彩雲国物語 紫闇の玉座

彩雲国物語 紫闇の玉座(下) (角川ビーンズ文庫)

彩雲国物語 紫闇の玉座(下) (角川ビーンズ文庫)

1巻の最後でオチは語られていたものの、本当に着地するのか?

Pをめくって、鮮やかに意表を突く展開にほっと息をつく。

落ち着くところに落ち着いた感じではありますが、王様が主人公の巻でした。

理想主義だけど、本の中にまで、辛く厳しい世界を思い出せられても興ざめだぜ。

ご都合主義だけど、ちゃんと物語の世界に没頭させて、そんなこと気にする奴はケツの穴が小さいぜい。

で、シリーズ中盤まで王様が甘ちゃんなところが乗り切れなかったのであるが、しっぺ返しが決定的になったころから興味津々、着地点はメルヘンの国だったのである。
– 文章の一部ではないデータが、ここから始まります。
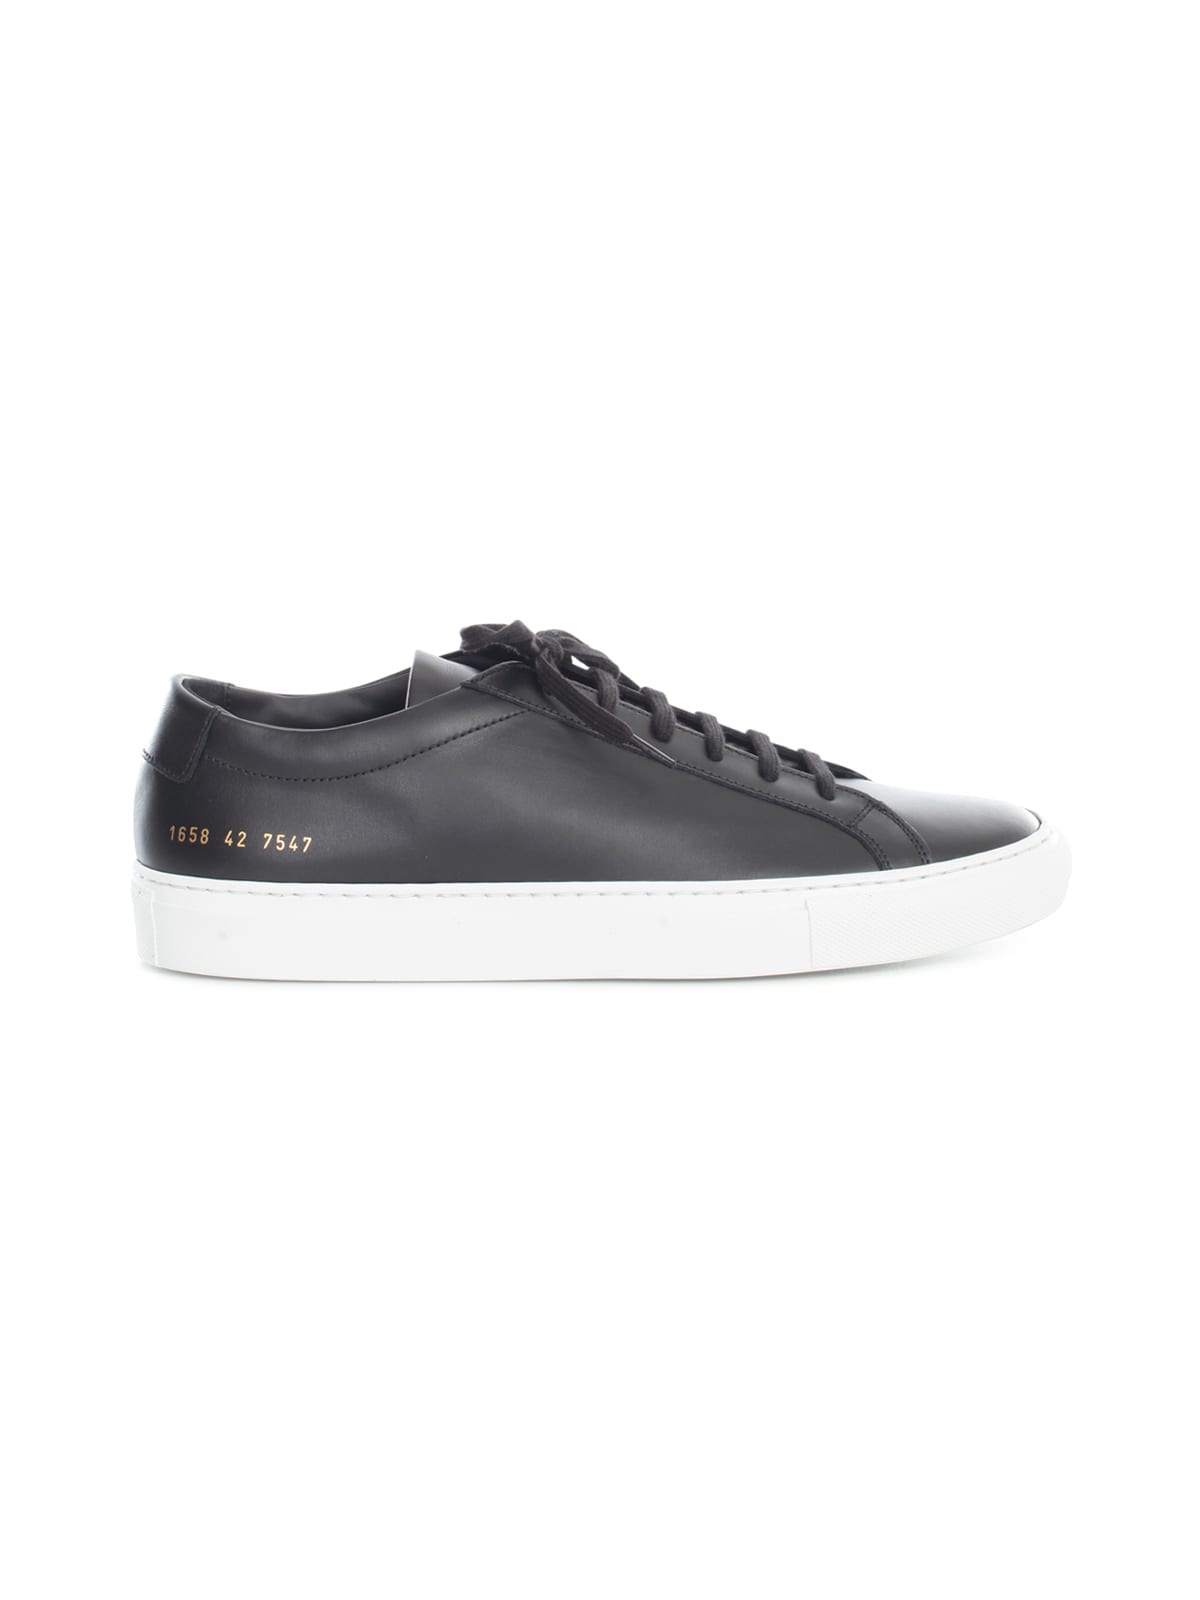 Common Projects Sneaker Nappa Leather Upper Tonal Cotton Laces And Stitch Reinforced White Sole Gold Foil Article Stamp At Heel Counter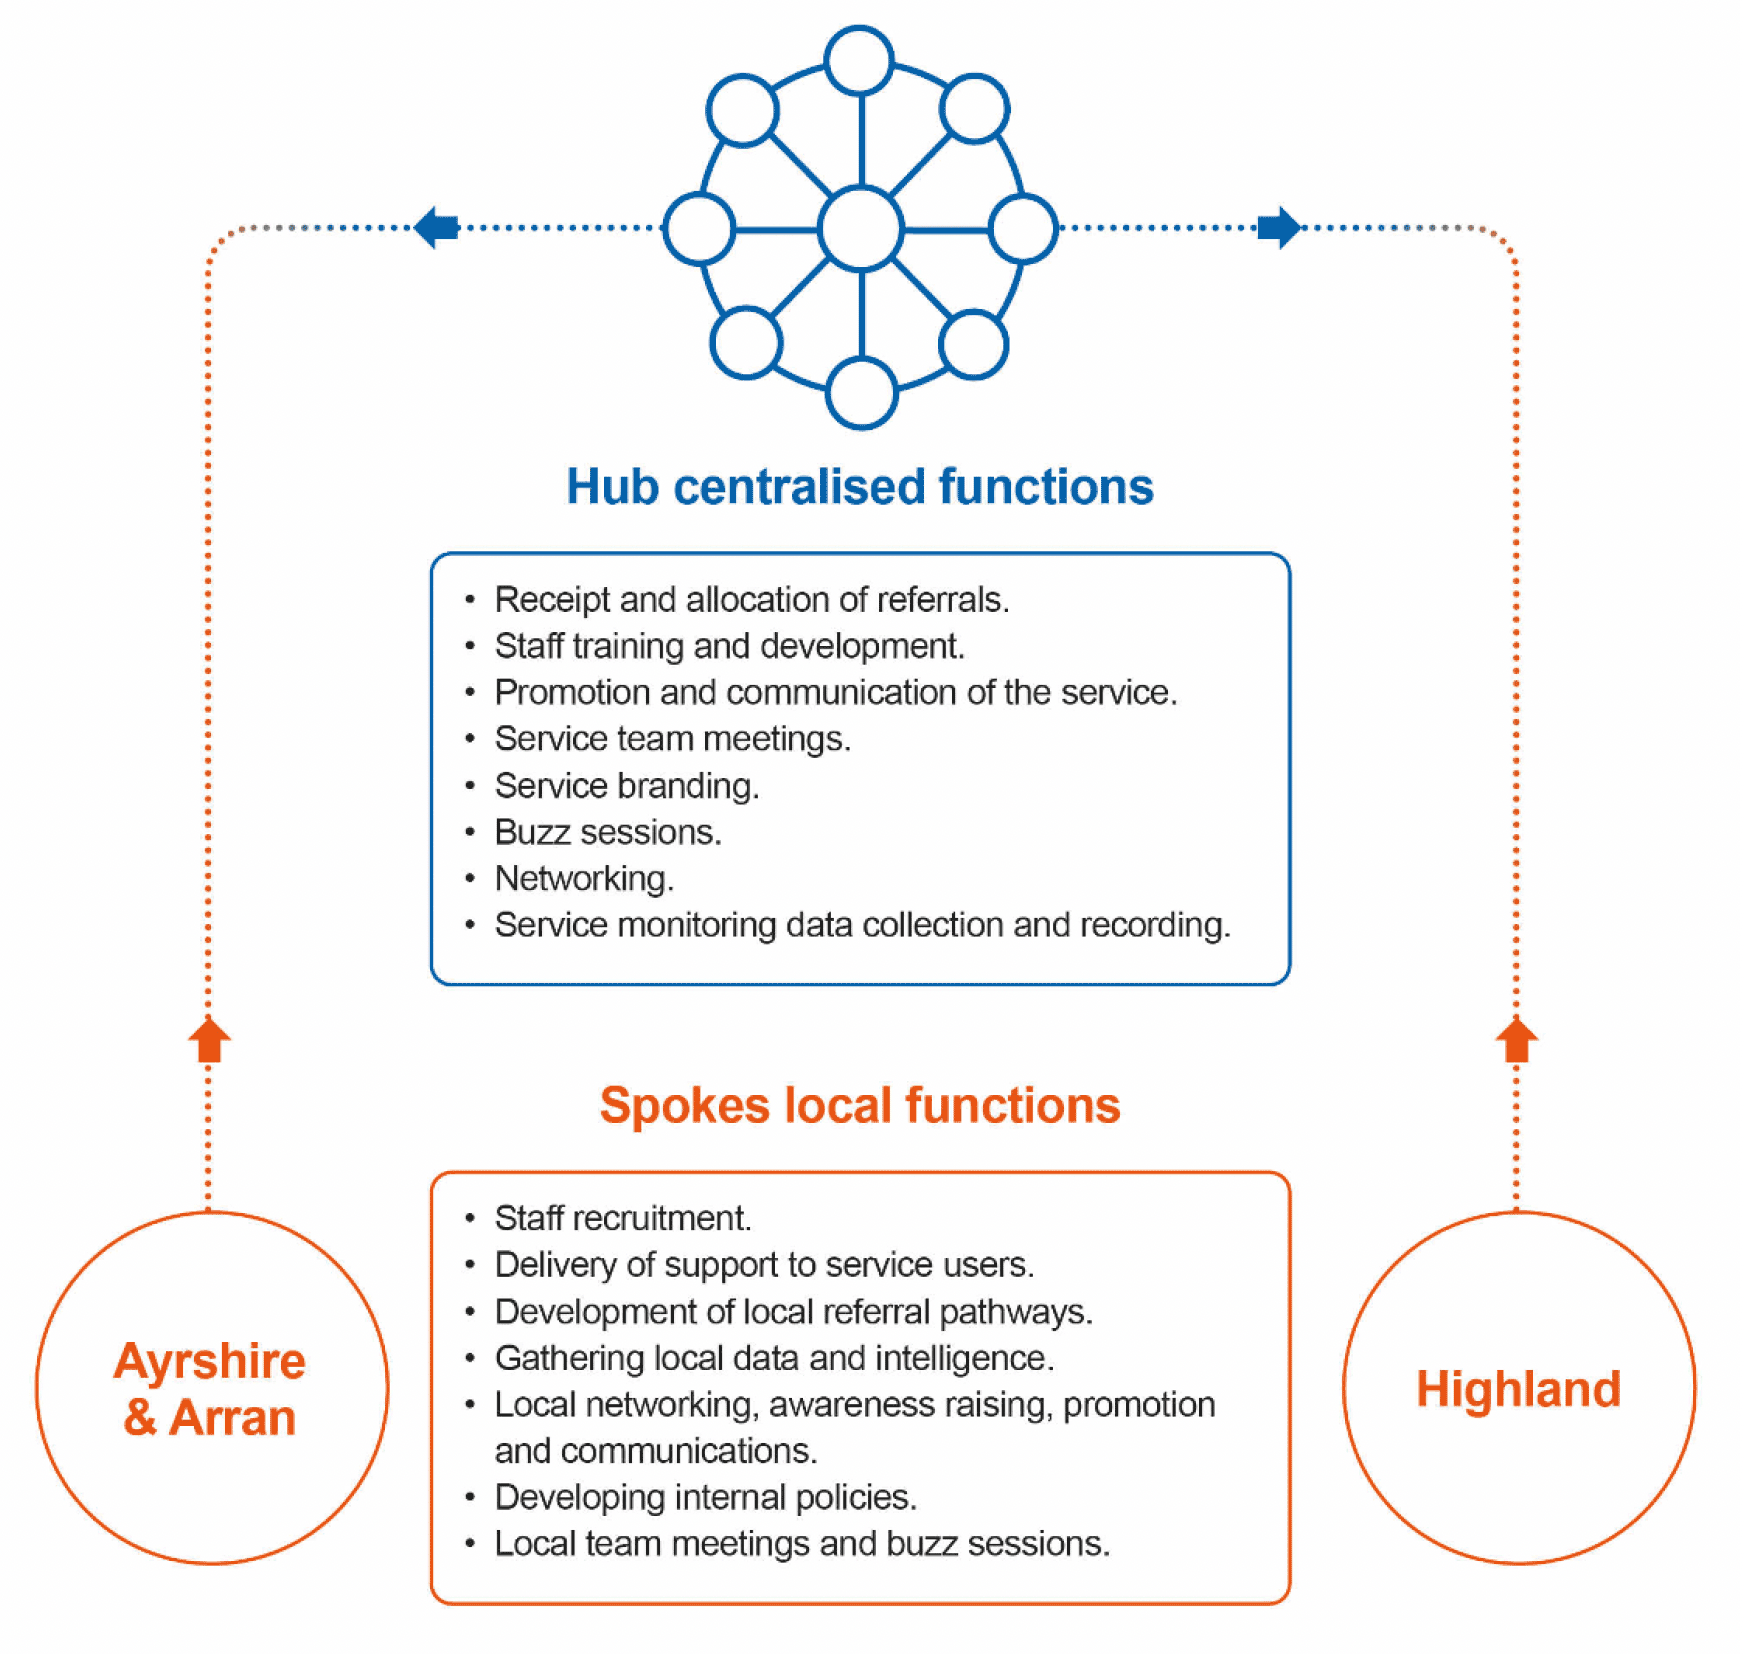 Infographic setting out the functions undertaken centrally, and the functions undertaken locally in each service delivery area through the hub and spoke model.

腹下しって何?相手の顔を立てて、あえて飲んだって言い訳を書いてくれよ。

そこは笑うところで、息抜きの場面ですか、と不満もあるが、楽しかったので良しとする。

ハッピーエンドなのだが、世間的に立派な人生が本人にとって幸せなのか、という疑問が浮かばないでもない。

ま、そういう物語である。

秀麗ちゃんが死んだらどうしようと思っていたが、死ななかったら死ななかったでいろいろ文句がある嫌な読者なのであった。

秀麗ちゃんは優秀な官吏であった。

ちょっと残念だったのは、女性のあるべき管理職の姿が書けなかったことかな。

私は女性の上司を持ったことはないし、女性の同僚とは分野が違うし、あまり女性の仕事姿を実感していない。

ちょっと評判の悪いことも聞く。

秀麗ちゃんが嫌な女性になりかけて克服する姿を見てみたかった。

一生懸命の秀麗は、嫌な女性とは、あるべき女性とはという問題から、見事逃げ切った気がする。

秀麗ちゃんの優秀さは、女性ならではの視点がなかった気もする。

すいません、買ったのは最後の3巻だけで、そういう場面もあったのかもしれませんけど。

(お化粧の話は印象的だったけど)

まだ、女性ならではの仕事姿は世間的に流布していないので、秀麗に実現してもらいたかったけど、先頭を走る人は優秀すぎて参考にならなかった。

今度、著者にはコネのない一般ピープルの話を書いてもらいたいと思ったりした。

今は仕事をする女性もありきたりだし、そういうレールのあるOLの、ガラスの壁困難克服話のバリエーションの豊富さを読んでみたいな。